Online also has become an important factor in marketing. Miller could not offer a precise marketing budget, saying only that “the marketing budget is a lot less than you would think.” However, she said the Department of Parks is now doing a lot of marketing using Facebook, Instagram and other online methods.

But even with all the gains, technology remains the biggest issue the Parks Department must address.

“We are making improvements there to many parks,” Holland said, “but Wi-Fi is the single biggest issue. At Lake Barkley, we have added repeater towers and brought internet into the park. We have a plan in place, but the parks are so scattered we have to deal with individual providers.
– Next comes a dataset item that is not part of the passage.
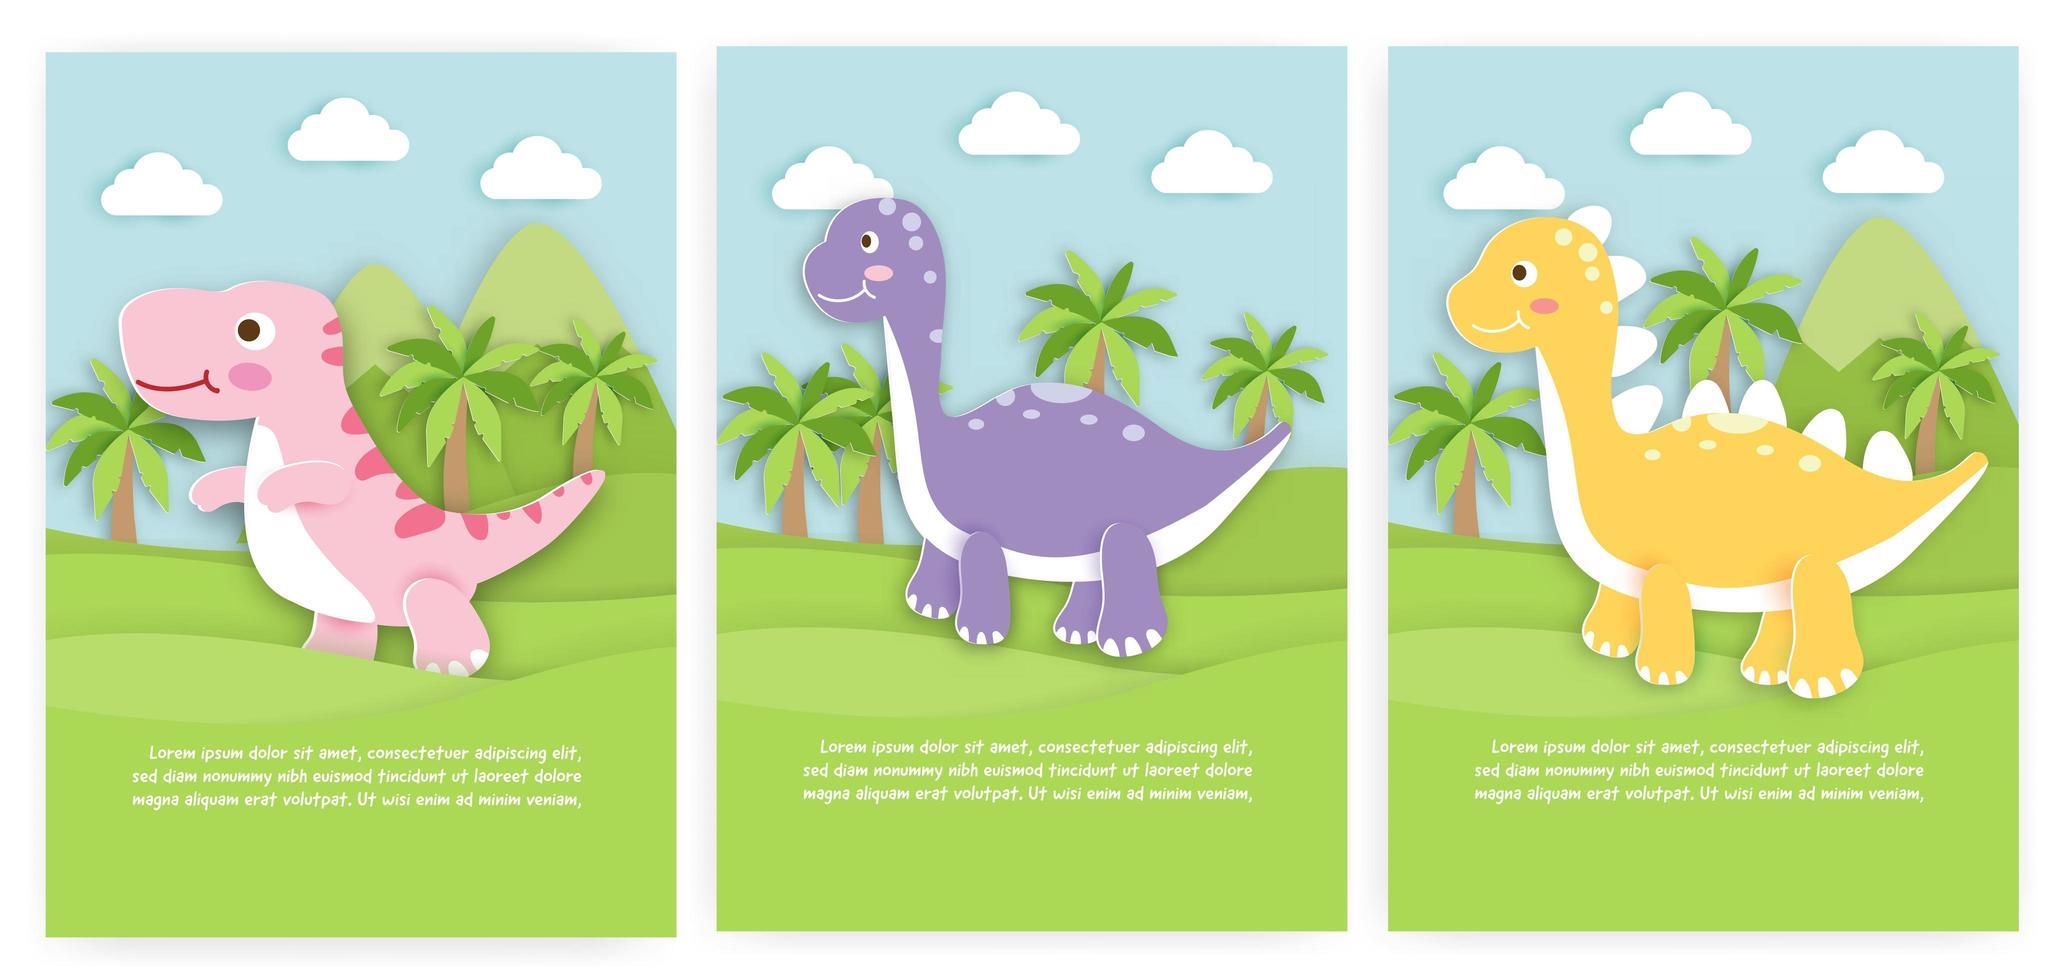 Kartensatz mit Dinosauriern im Papierschnitt vektor

AT&T has given us a lot of help in that regard, but it is a catch-22. The farther out in the wilderness the park is, the better people like it, but the farther out into the wilderness it is, the harder it is to get good (internet) coverage.”

Alcohol sales boost business

Another recent plus is the addition of alcohol sales at parks in “wet” counties where alcohol can legally be sold at restaurants.

“We began alcohol sales at five parks in wet counties,” said Gil Lawson, public information officer for Kentucky State Parks. “It has grown steadily every year.” (See chart on next page.)

“It is another amenity we can offer our guests,” Lawson said. “People used to bring alcohol for use in their rooms. Having a license allows us to do upscale booking for weddings and business retreats. Typically, they are out-of-town guests. We can provide the whole array of services.”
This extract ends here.